Based on Rick Moody's novel, Ang Lee's The Ice Storm takes place in New Canaan, Connecticut in 1973, but the film evokes the period so thoroughly that datelines are hardly necessary, since the costumes, the décor, and most importantly, the attitudes reflect a time of awkward transition for the American family. The '60s are over, yet the aftershocks have reverberated to the suburbs, where parents try to square their traditional lifestyle with the counterculture, cherry-picking only the parts that grant them the freedom to seek out their own gratification at any cost. Some have labeled The Ice Storm a prudish, reactionary film, because its tragedy can be attributed to hippie permissiveness and alternative family values. But it's more about hypocrisy than loose morals—people who want free love and lower taxes, and who chide their kids for speaking ill of Richard Nixon.
Set over Thanksgiving break, The Ice Storm deals with the tensions within and between two neighboring families. With a simpering grin plastered on his face, Kevin Kline stars as the patriarch of one family, who has been having an affair with the matriarch of the other, played with mirthless snap by Sigourney Weaver. As the film opens, their affair is practically an open secret, and Kline's halfhearted efforts to cover his tracks deepens the embarrassment of his wife, Joan Allen.
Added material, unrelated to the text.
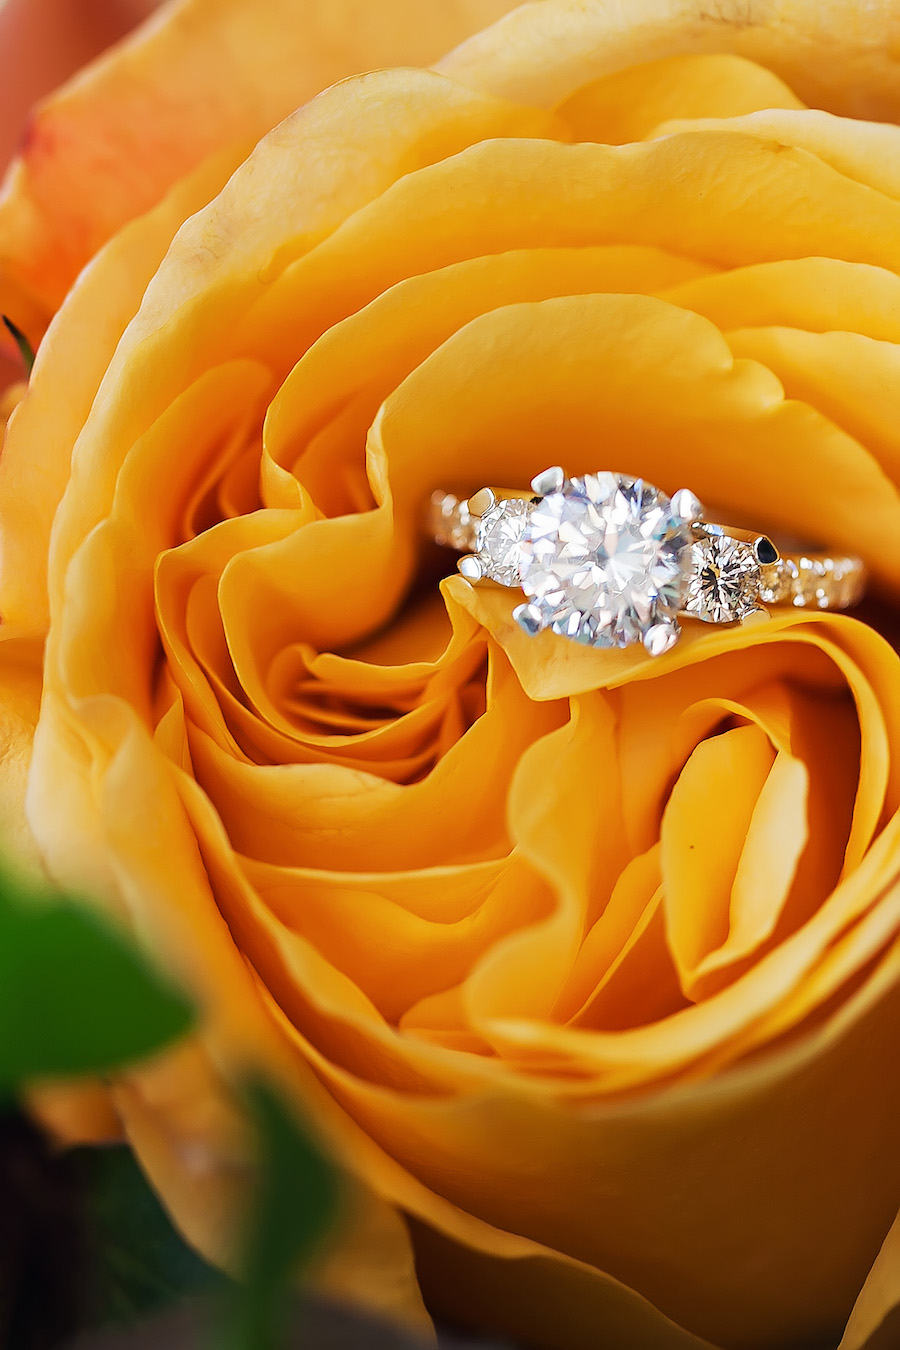 Tampa Bay Wedding Jeweler International Diamond Source Engagement Ring

Meanwhile, their kids are exploring their own nascent sexuality: Kline's son (Tobey Maguire), back from school, awkwardly courts a rich girl (Katie Holmes) while his daughter (Christina Ricci) toys with Weaver's inexperienced sons (Elijah Wood and Adam Hann-Byrd).
Building to a tragicomic "key party," where unhappily married couples compound their misery by becoming swingers for a night, The Ice Storm is so freighted with metaphorical baggage that it nearly buckles at the knees. (One more close-up of an ice-tray cracking might have sent it over the edge.) Lee's broad points about generational uncertainty and the breakdown of the American family are treated with too heavy a hand, but the film thrives in the particulars, with uniformly strong performances, enveloping period detail, and a coda suffused with anguish and an ironic glint of salvation. In this lingering hangover of a movie, the only hope is a cold splash of water to the face.
Key features: A surprisingly casual and jokey commentary track by longtime collaborators Lee and writer-producer James Schamus on the first disc. On the second, thoughtful reflections by the actors, Moody, and key crewmembers join a MOMI Q&A; with Lee and Schamus, plus four strong deleted scenes.